PK: That's not entirely out of the realm of possibility, certainly not in 1978. Look, as early as 1970 or so, you had the young guys like Chaykin and Weiss and Wrightson coming into comics, and you read interviews with them today where they all say they thought they were getting into the comics business during the industry's "last days." None of these guys thought comics would be around in 10 years, maybe not even five. Then you get to something catastrophic like the Implosion...hard not to be pessimistic.

Because, certainly in those days, when the fans were only a small percentage of the buying public as opposed to 100% of today's market, it would have made sense for the company, struggling with publishing, to just stop creating and buying new material and go all reprint, using the 40 years of backlogged material to keep titles going and characters in the public eye.
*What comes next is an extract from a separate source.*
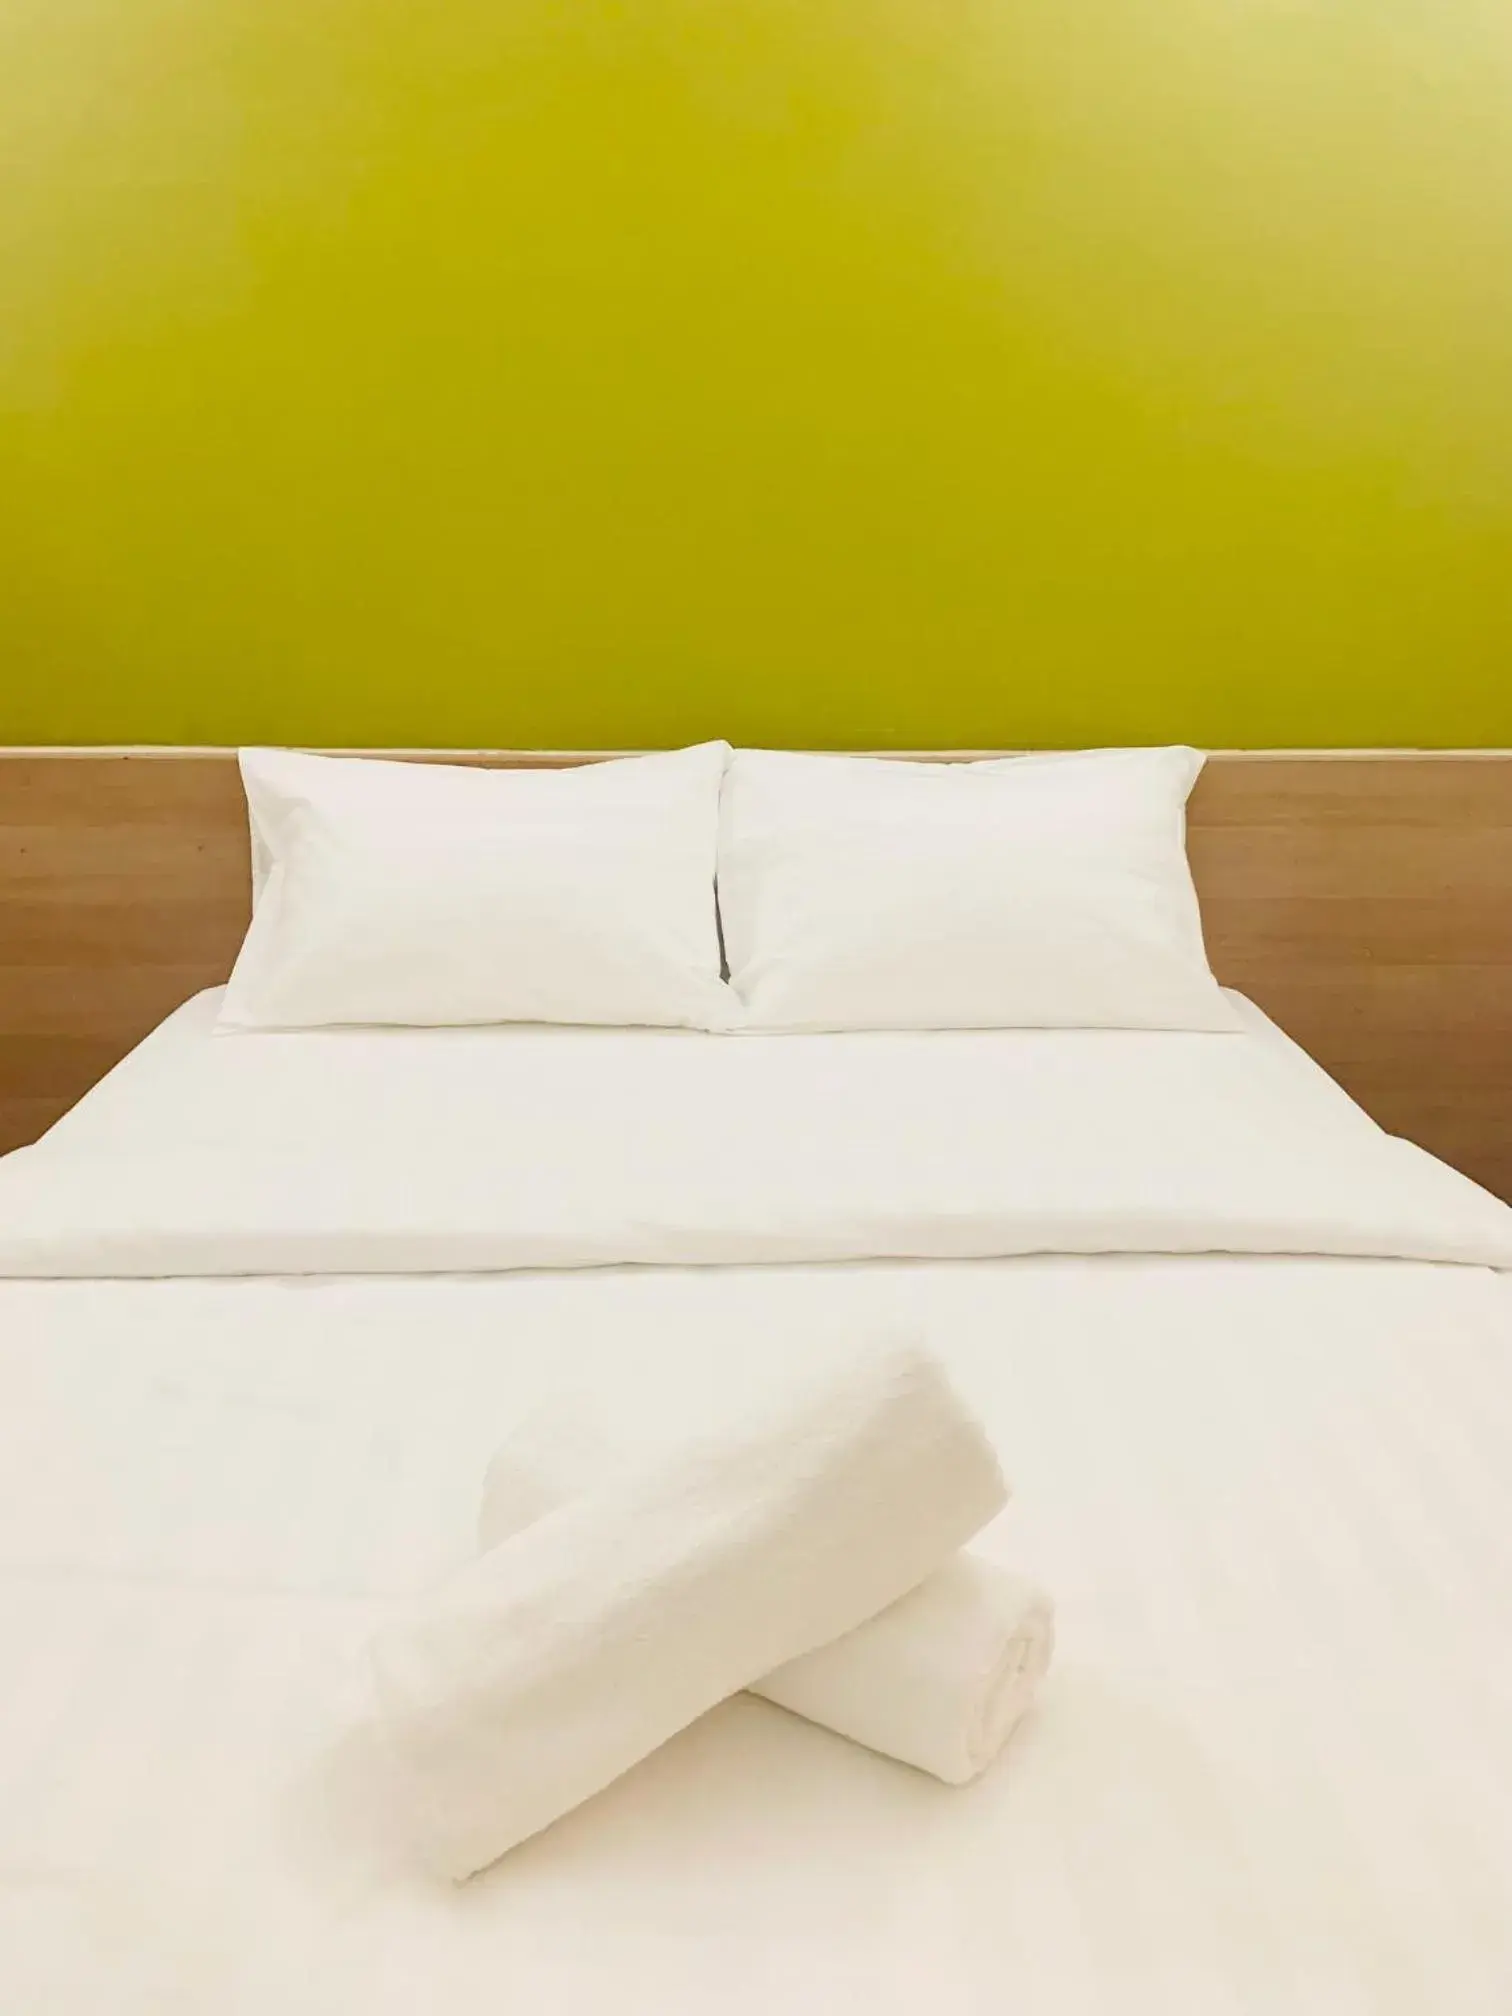 Bed in Bintang Garden Hotel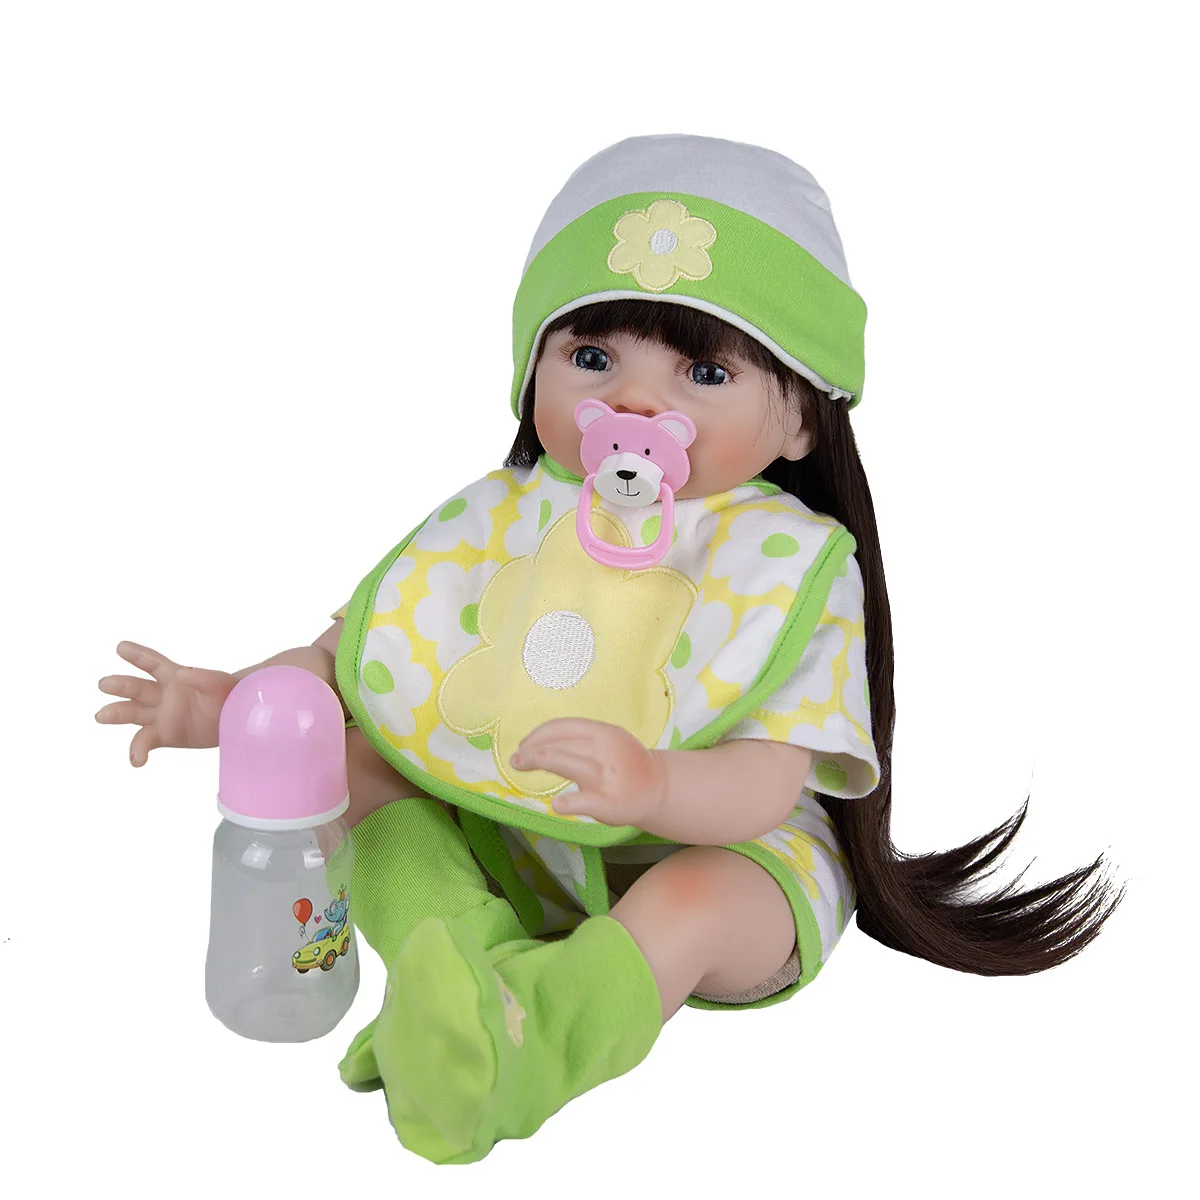 Dlhé Účesy 55 Cm Batoľa Reborn Baby Doll Odbavenie Látkové Telo Dievča Reborn Baby Doll Playmates Hračka Pre Deti, Deň Dary 1

You think Mego or Kellogg's or whoever the licensors were back then gave a crap if there was a new Superman story published this month? It made no difference; as long as DC published a comic book called Superman, the license had value. So why not save a small fortune on new material and go all-reprint, bag the creative staff except for Nelson and a couple of junior editors to package the reprints, and there would still have been the exact same Superman: The Movie, etc.

So, it's very possible that DC was, behind closed doors, 'for sale,' and Mego was as likely a buyer as any. I don't doubt there were talks—could have been completely informal, who knows?--but, thankfully, Superman: The Movie started to look like it was going to be as strong as it turned out to be, plus after the sales disaster of the winter of '78, sales picked up again and the panic subsided.

JB: Thanks for your time and all the great information, Paul…and let’s hope there never has to be a Cancelled Comics Cavalcade #3 someday.